Both are good. More than good, actually. They show a relatively sophisticated understanding of how AI search tools differ. For example, they distinguish between tools that merely use an LLM to generate Boolean queries, tools that add reranking, tools that combine lexical and semantic retrieval, and tools that orchestrate multi-step agentic searches. That is already a step above treating “AI search” as a single homogeneous category.
Still, no framework is perfect. In this post, I want to suggest three improvements that could make AI search evaluation frameworks, including other existing ones like the REACT (Relevancy, Ease of Use, Assessing DEIA, Currency, Transparency & Accuracy) framework1, more useful for libraries:
Be explicit about whose needs the framework serves.
Treat retrieval capability as a gating criterion, not just one category among many.
Replace some qualitative judgements with lightweight empirical tests.
None of these suggestions are novel in isolation. But I think putting them together would make these frameworks more practical and more honest.
1. Evaluation matrices should be clear about who they are for
One of the hardest issues in designing an evaluation matrix is deciding whose needs matter most.
An undergraduate does not need the same things from an AI search tool as a faculty researcher. An instructor does not necessarily care about the same things as an evidence synthesis librarian. A graduate student doing exploratory research has different priorities from a librarian supporting a systematic review.
For example, reproducibility and interpretability are crucial for evidence synthesis. If you are supporting a systematic review, you need to know what was searched, how it was searched, and whether the same search can be repeated. But for an undergraduate writing an essay on a fairly well-trodden topic, reproducibility may matter much less.
Similarly, an undergraduate may value ease of use, clear explanations, and help finding a few credible sources. A researcher working in an emerging area, where terminology has not yet stabilised, may care much more about retrieval depth and the ability to surface relevant papers that keyword search would miss.
Many evaluation frameworks seem to assume that there can be one universal matrix for AI search tools that apply for every task or user. They assign points to many criteria and then produce an overall score. I think this is usually a mistake.
Without a clearly stated viewpoint, the best case is that the framework becomes too diffuse to be useful. The worst case is that the designer unintentionally overly encodes their own priorities into the scoring system.

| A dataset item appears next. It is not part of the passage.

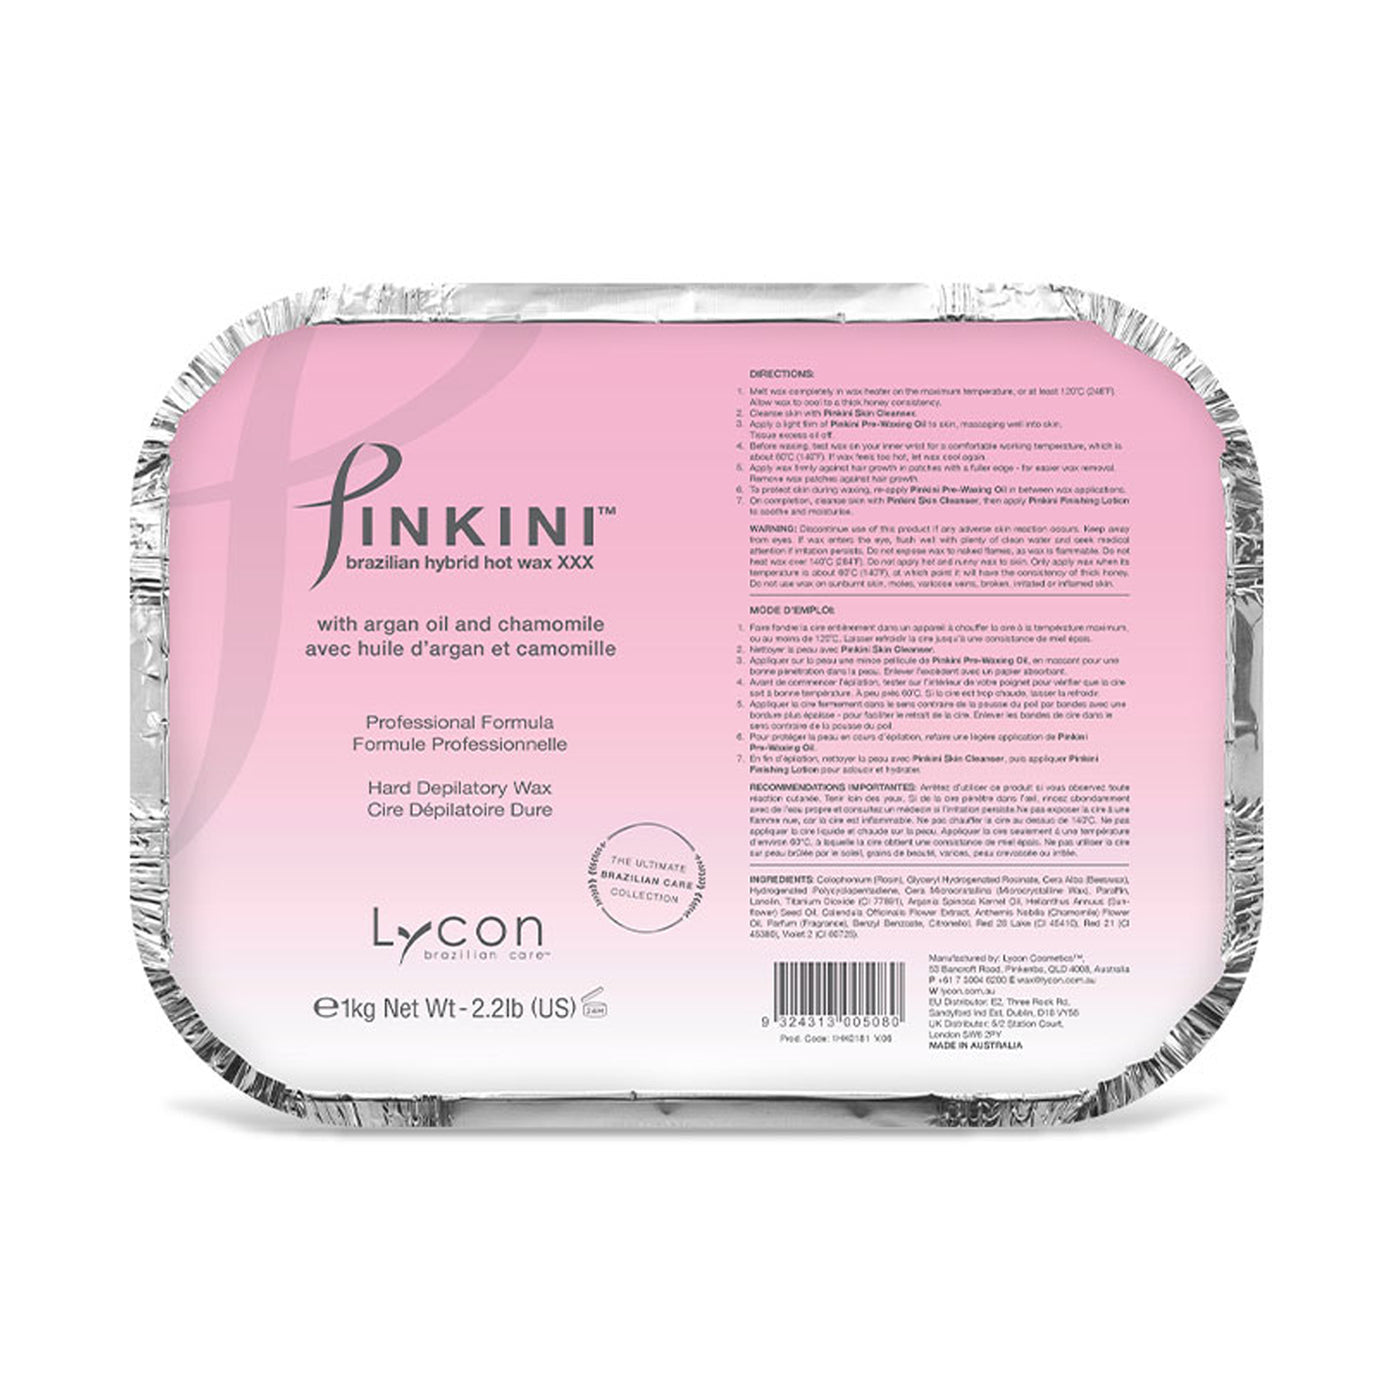 Lycon Pinkini Brazilian Hybrid Hot Wax 1kg

For example, a librarian might give substantial weight to features such as adminstrative features like COUNTER statistics support, authentication options, vendor support speed because those are areas they know and need the most. Those matter for procurement and management. But they do not matter much to the actual user trying to find relevant literature.
This is why I like Alfred Wallace’s Evaluating AI Tools for Research matrix. It allows the evaluator to choose a role, such as faculty researcher, graduate student, undergraduate, instructor, or student. The selected role then changes which criteria are treated as priorities or key questions.
I played around and vibe coded my own AI search evaluation framework based on AI-Powered Tool Assessment Framework and AI Rubric - Evaluating AI Tools for Research.
It is not very good currently and needs much more work, but I can show you a screencap below of roughly what I mean.
Figure: My draft role-based framework, vibe-coded based on AI-Powered Tool Assessment Framework and AI Rubric: Evaluating AI Tools for Research. This shows how different roles have different weightings for the same criteria.
For simplicity, I only define three roles: undergraduate, researcher, and librarian. Each criterion falls into one of three levels depending on the role: critical, key, or important. The defaults can be changed.
In my current system, answers to most criteria fall into four bands, with values from 0 to 3. These are weighted more heavily if the criterion is key rather than important. Critical criteria are handled differently as “gates”, which I will discuss below.
Figure: For this criterion, it is defined as a key question and weighted more heavily, so this tool scores 2 x 10 = 20 points on this criteria
We can quibble about the exact roles and weights. The principle is what matters. A framework should make clear whose interests it is optimising for.
A simplified version of what each role might prioritize might look something like this:
This matters because it helps libraries justify decisions more clearly for which group of users the tools are for. Instead of saying, “For all users, Tool A scored 82 and Tool B scored 76,” we can say something more meaningful: “Tool A is better for undergraduate discovery (scoring 82), while Tool B is more suitable for advanced research or evidence synthesis (scoring 92) taking into account what each cares about”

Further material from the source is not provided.